Environment Spec

If your Docker image starts a stdio MCP server on container startup, it is a hud environment.

Architecture

The MCP server can be written in any language or framework.
Your software can be anything (service, desktop app, game, scripts). The connection between them is your choice.
Logs must go to stderr; stdout is reserved for MCP protocol packets.

Minimal requirements

Docker image starts a process that speaks MCP on stdout/stdin (stdio) by default.
No non‑MCP output on stdout (all logging to stderr).
No required file layout, framework, or endpoints.

Recommended (for HUD RL/evals): provide tools named setup and evaluate.

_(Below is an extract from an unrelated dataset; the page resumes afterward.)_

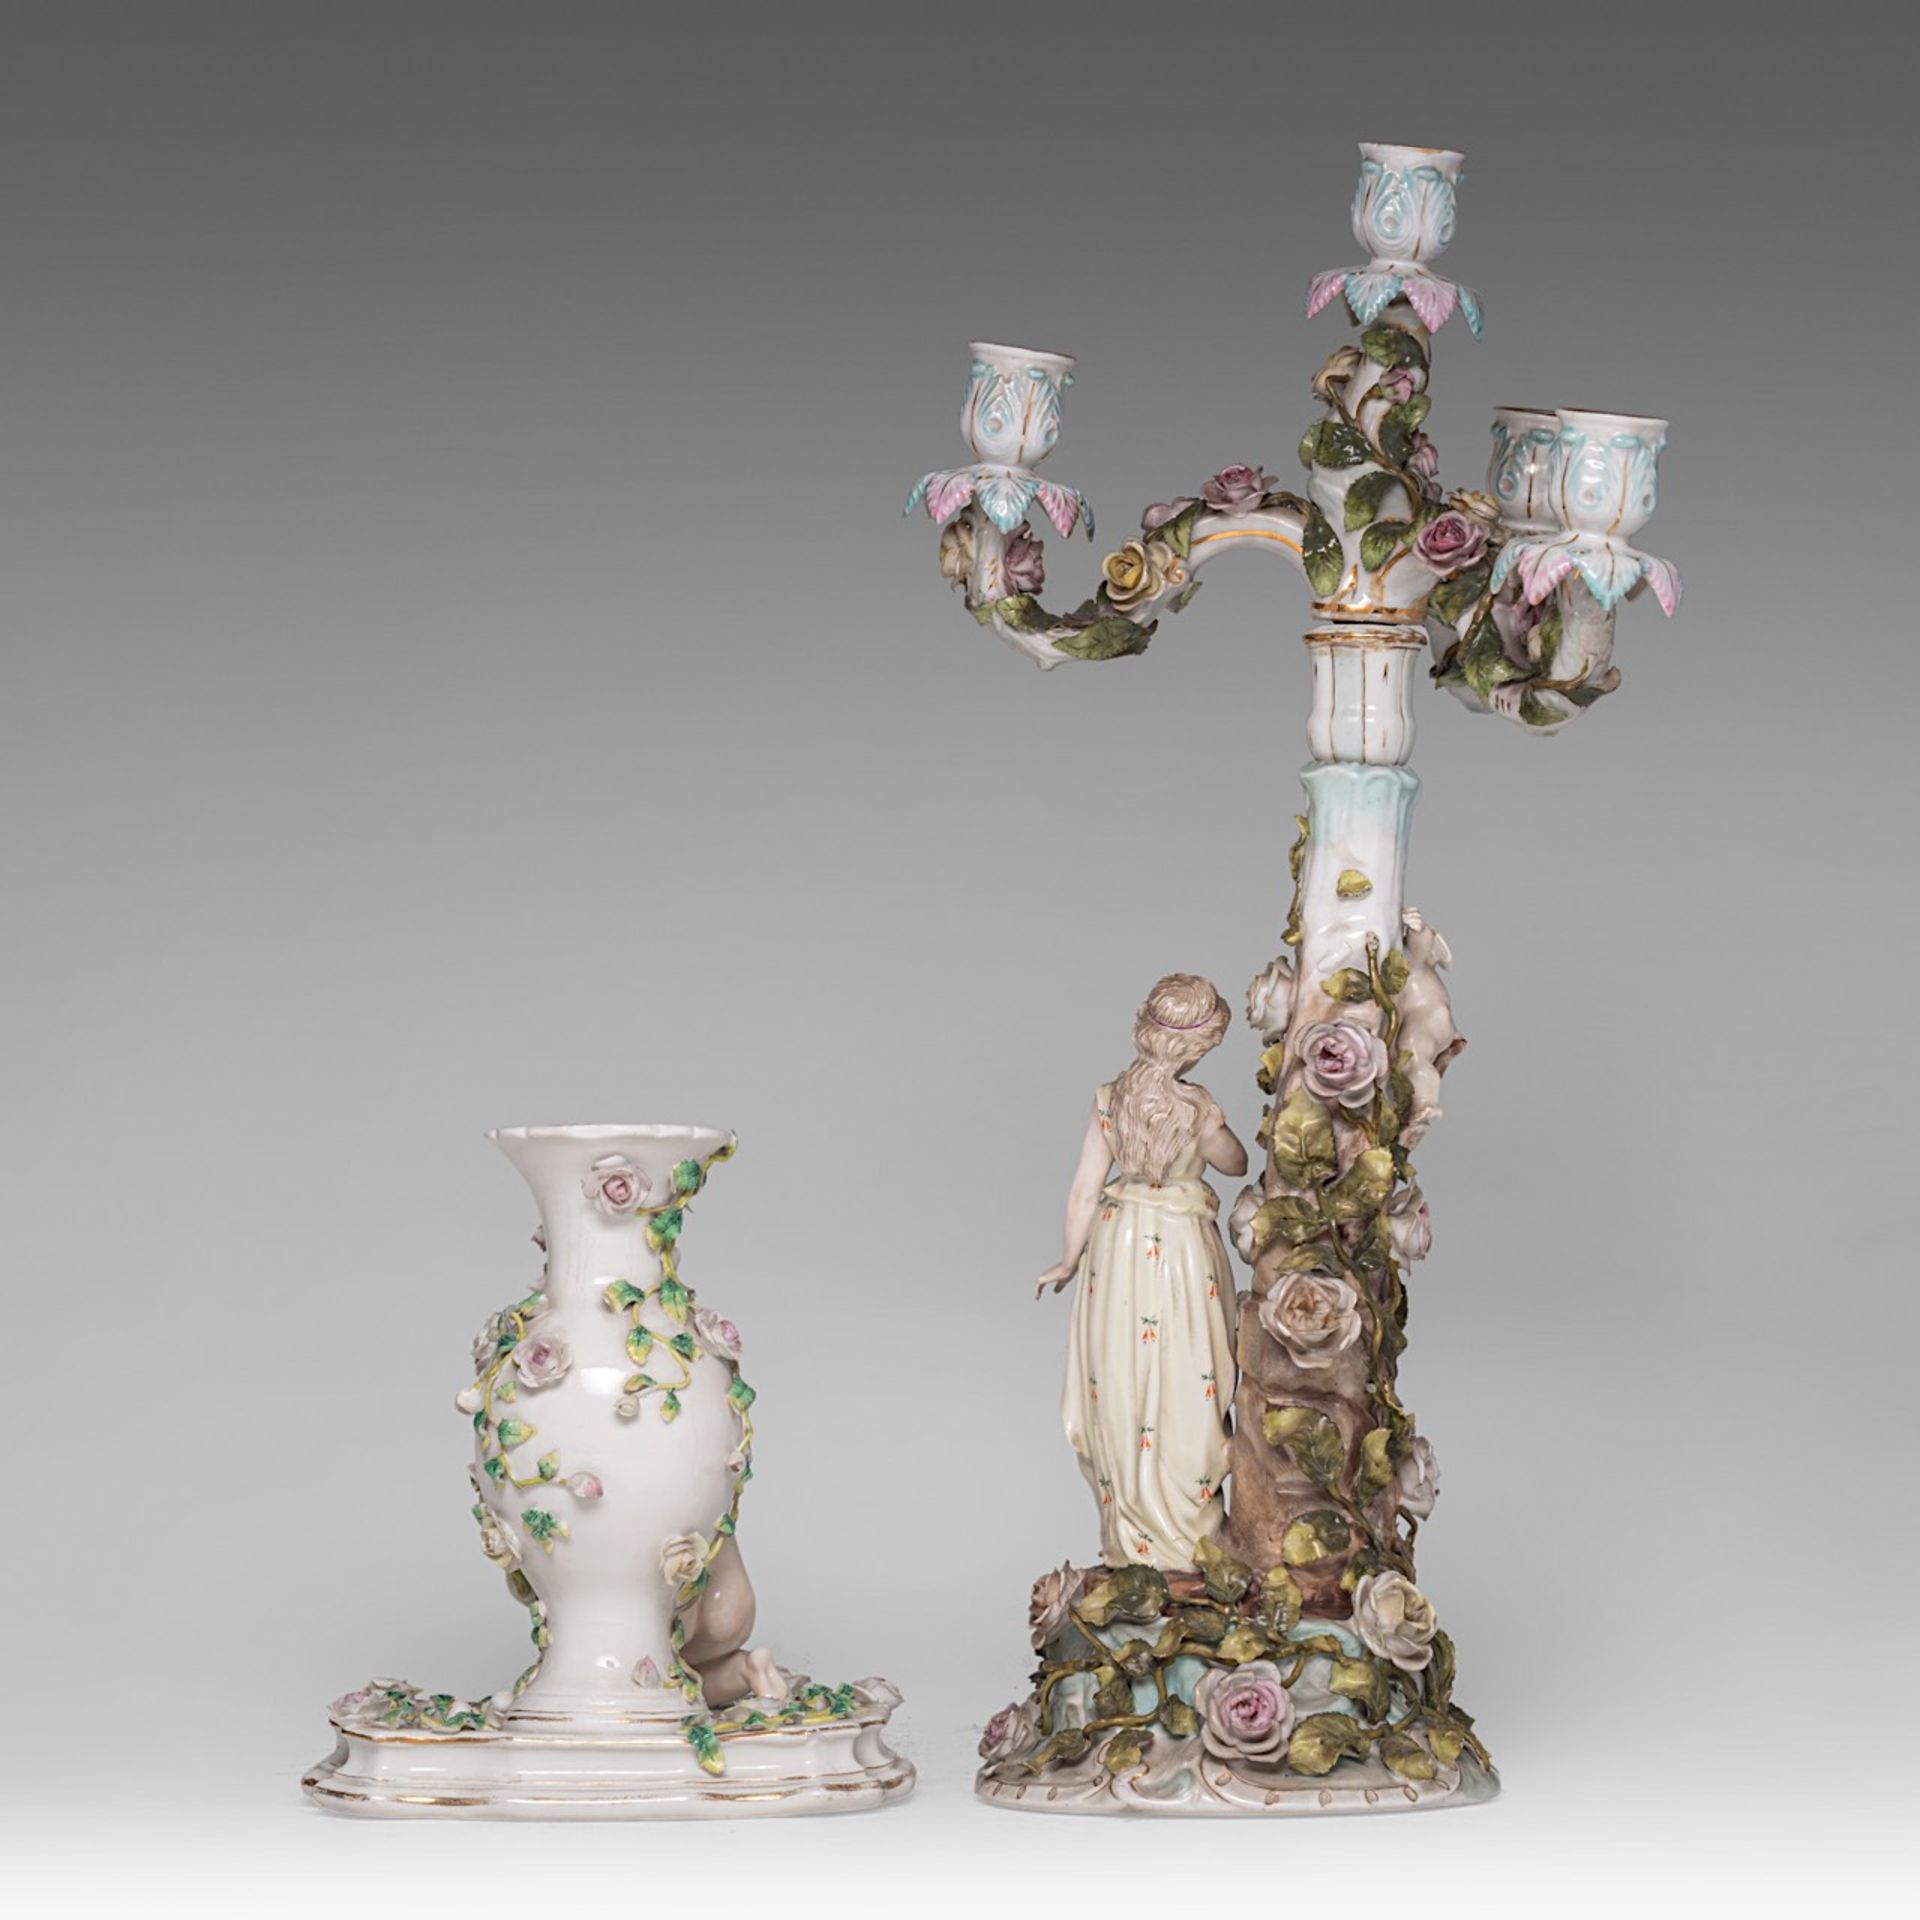 A collection of polychrome decorated Saxon porcelain figurines and a candelabra, H 51,5 cm (tallest) - Image 4 of 13

Make it runnable remotely (mcp.hud.so)

Remote execution is built‑in. Push your image, then either:

CLI (default is remote):

export HUD_API_KEY=...
hud push
hud run myorg/my-env:latest   # remote container with MCP

Programmatic (Task config):

{
  "mcp_config": {
    "hud": {
      "url": "https://mcp.hud.so/v3/mcp",
      "headers": {
        "Authorization": "Bearer ${HUD_API_KEY}",
        "Mcp-Image": "myorg/my-env:latest"
      }
    }
  }
}

Run arbitrary configs locally or remotely

Local Docker (stdio):

hud run myorg/my-env:latest --local --transport stdio

Local HTTP proxy (for inspectors):

hud run myorg/my-env:latest --local --transport http --port 8765

Remote (default):

hud run myorg/my-env:latest

Notes

Use hud dev only for local hot‑reload workflows; for production, build once and hud run.
Use hud debug only when startup/compliance issues occur.
Any MCP‑speaking Docker image works; controller/backend split is optional.

Task config examples

from hud.datasets import Task

task = Task(
    prompt="...",
    mcp_config={
        "hud": {
            "url": "https://mcp.hud.so/v3/mcp",
            "headers": {
                "Authorization": "Bearer ${HUD_API_KEY}",
                "Mcp-Image": "myorg/my-env:latest"
            }
        }
    },
)

The same structure is used by hud init’s template and by programmatic tasks.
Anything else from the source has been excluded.